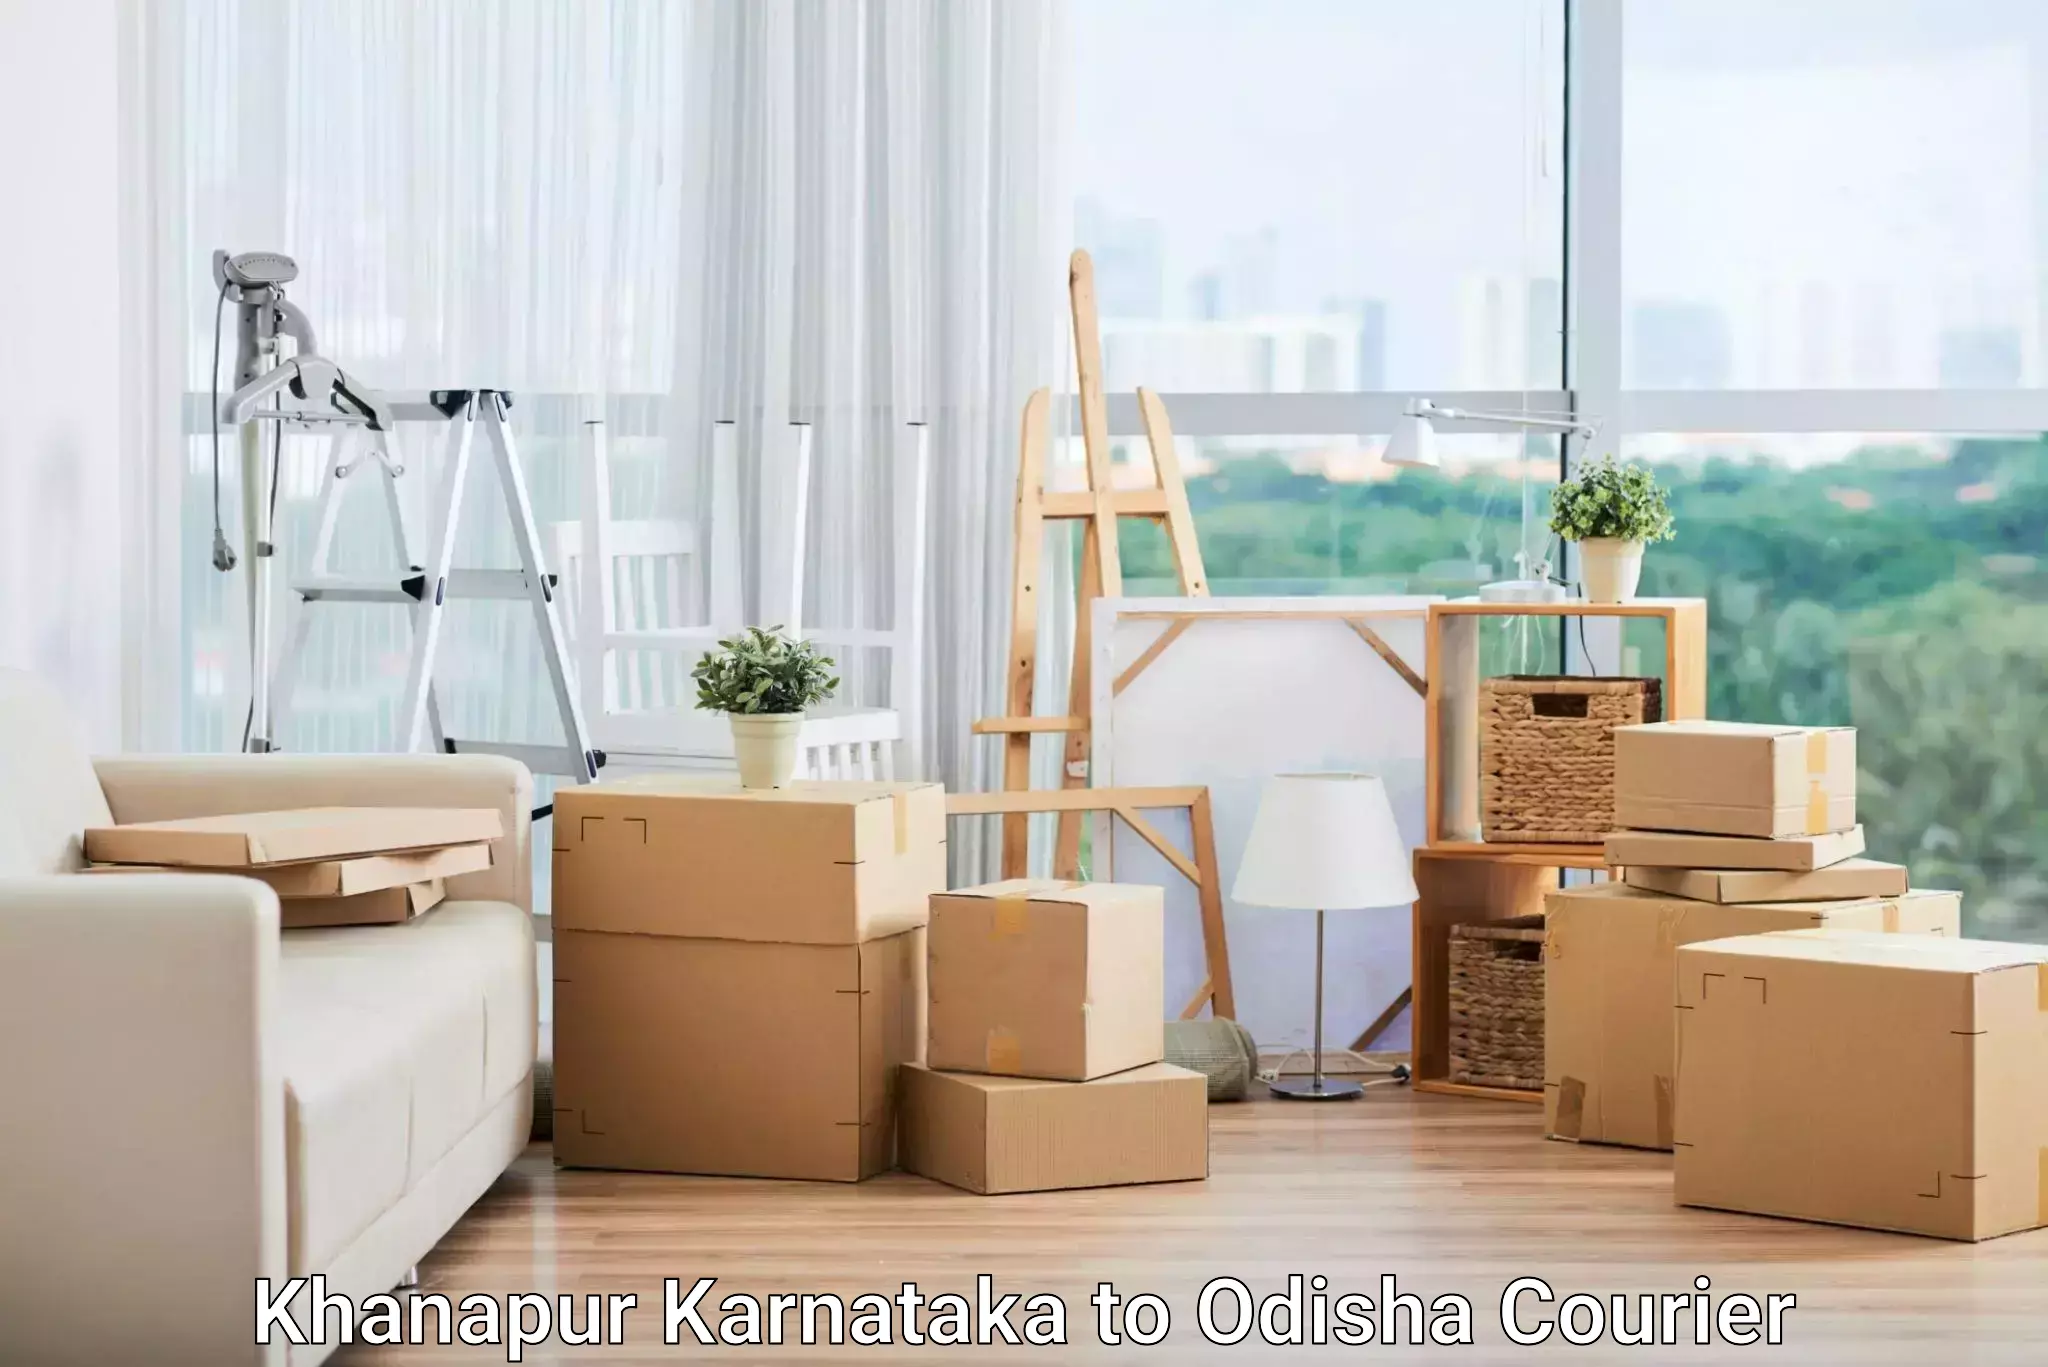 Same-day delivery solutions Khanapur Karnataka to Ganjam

——————

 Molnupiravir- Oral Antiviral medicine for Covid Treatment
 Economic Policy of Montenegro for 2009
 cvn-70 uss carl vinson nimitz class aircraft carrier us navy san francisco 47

——————

*Action item:* Here the output must be the lines above from the line with "Molnupiravir- Oral Antiviral" to the line with "cvn-70 uss carl", both included, duplicated word for word and nothing else.

*Written response:*
 Molnupiravir- Oral Antiviral medicine for Covid Treatment
 Economic Policy of Montenegro for 2009
 cvn-70 uss carl vinson nimitz class aircraft carrier us navy san francisco 47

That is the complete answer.